I did the following $$ \int_0^{\pi} e^{i \zeta e^{ ix}} \ dx = \int_0^{\pi} \sum_{n=0}^{\infty}\frac{\left(i \zeta e^{ ix}\right)^n}{n!} \ dx = \sum_{n=0}^{\infty}\frac{(i \zeta)^n}{n!} \int_0^{\pi} e^{nix} \ dx = \sum_{n=0}^{\infty}\frac{(i \zeta)^n}{n! (in)}\left(\underbrace{e^{i\pi n}}_{(-1)^n} -1\right) = \sum_{n=0}^{\infty}\frac{\zeta^ni^{n-1}}{(n+1)!} \left((-1)^n -1\right) $$ To then verify if my procedure was correct, I used WolframAlpha to evaluate both sides of the equation for the value $\zeta = 1$. From here I got that $$ \int_0^{\pi} e^{i e^{ ix}} \ dx = 1.2494... \neq -0.9193... = \sum_{n=0}^{\infty}\frac{i^{n-1}}{(n+1)!} \left((-1)^n -1\right) $$ I'm not sure where I made my mistake. I think interchanging the integral and the sum is justified since I believe the sum converges absolutely, but now I'm not so sure.

Could anyone tell me where my mistake is? Or alternatively, could anyone tell me how I could evaluate this integral?

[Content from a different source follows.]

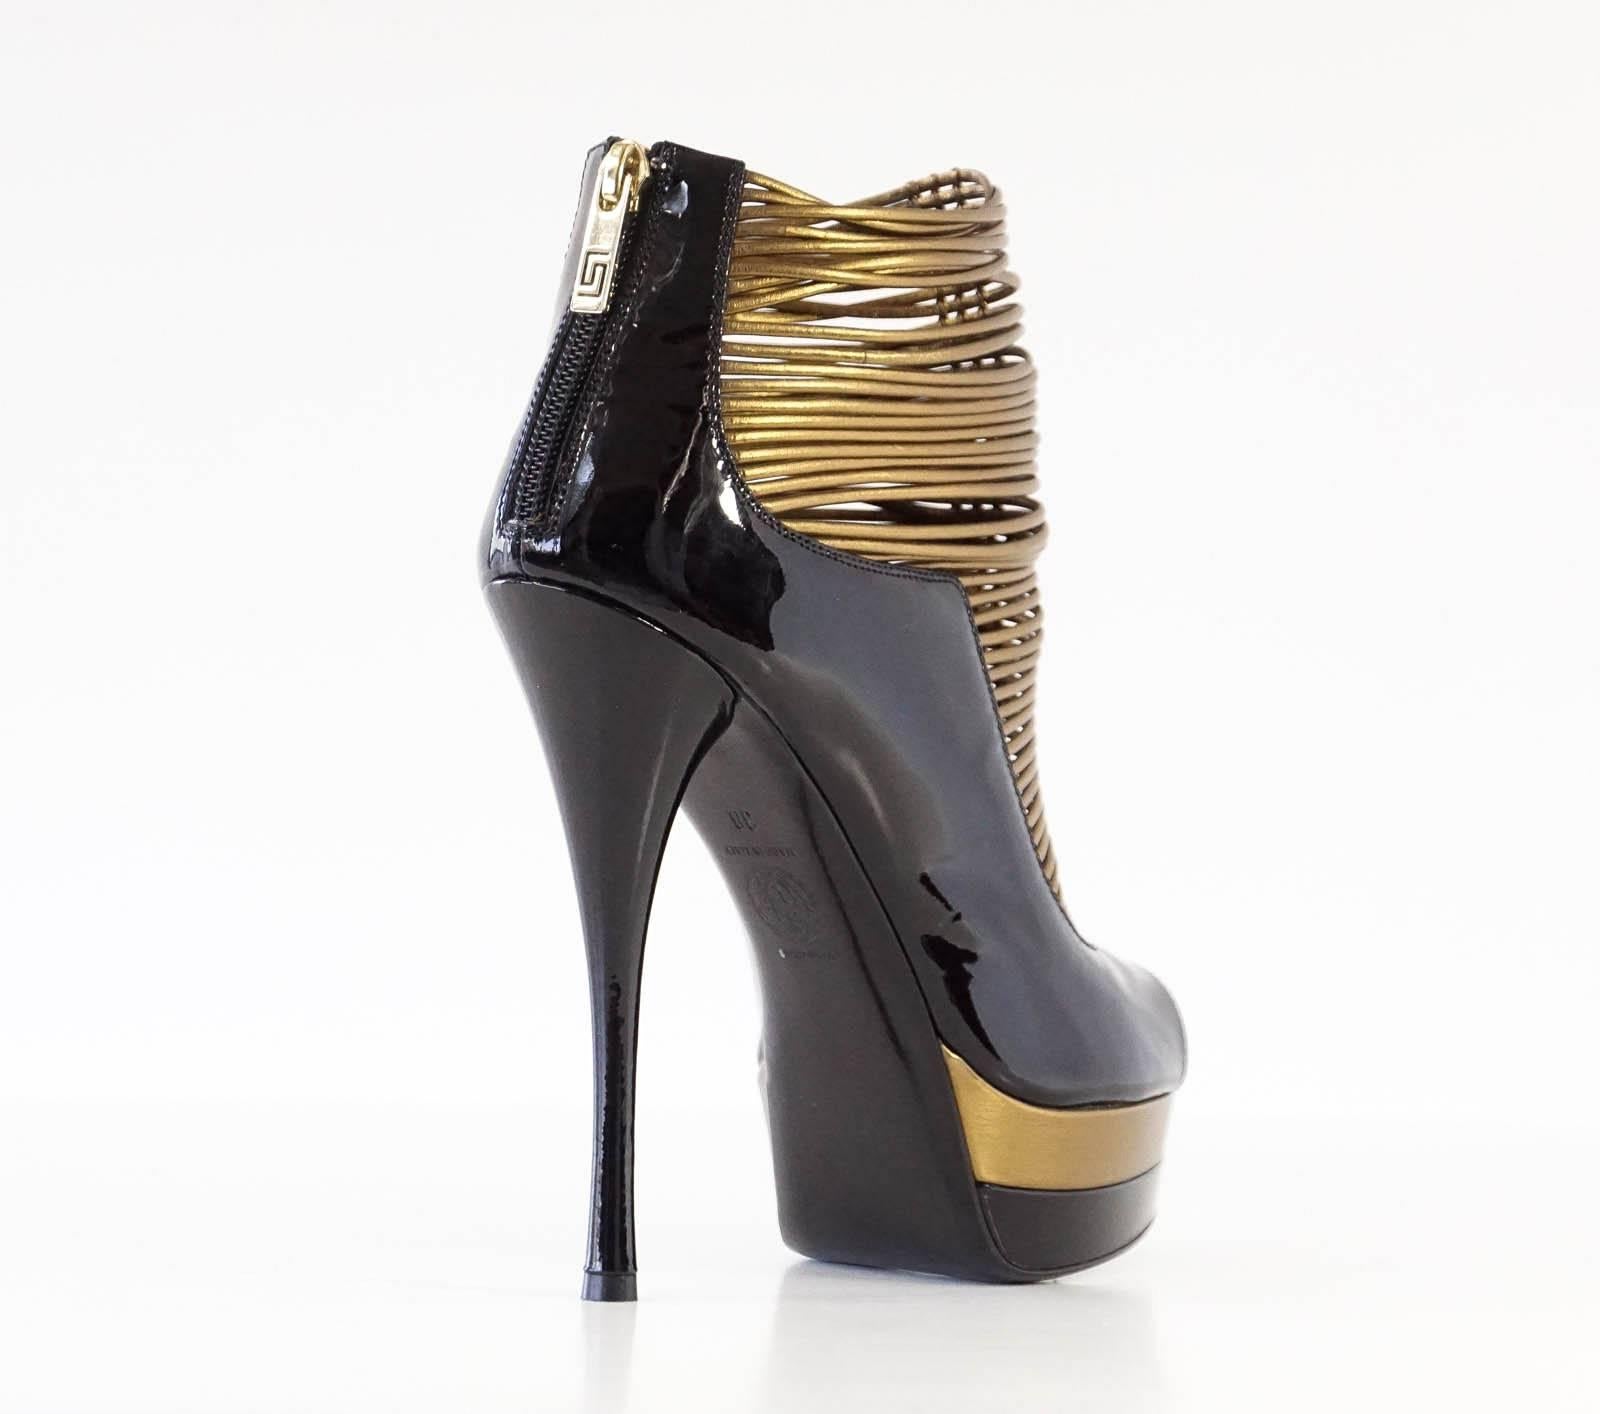 VERSACE Shoe Gold and Black Leather Platform Bootie 38 / 8  1
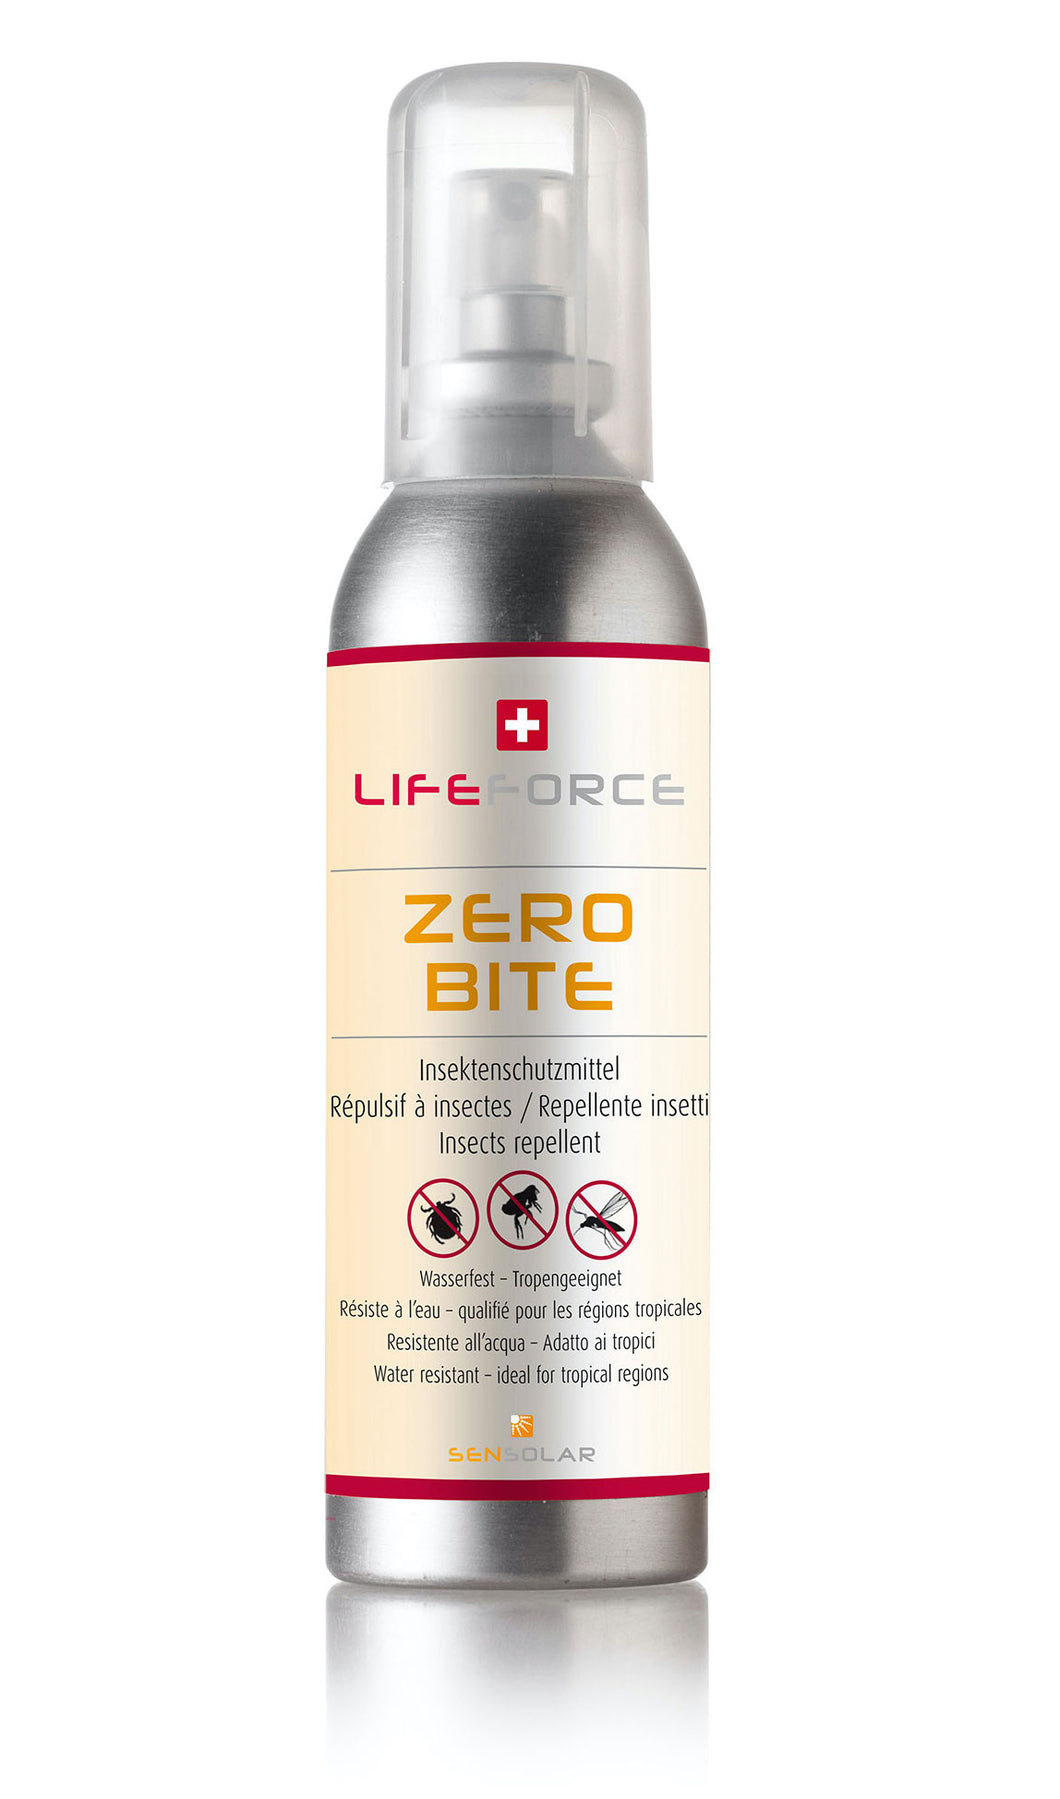 sensolar zerobite 33degrees singapore tropical insect repellent lifeforce swiss made mosquito spray lotion

Thank you!


Edit: Thanks to the comments, I believe that I can simplify the integral to be $$ \int_0^{\pi} e^{i \zeta e^{ ix}} \ dx = \pi -2\int_0^\zeta \frac{\sin(t)}{t} \ dt $$ I'm not sure if the approach I was taking was a good way to show this, but if anyone has any ideas about how I could maybe get here I would greatly appreciate them!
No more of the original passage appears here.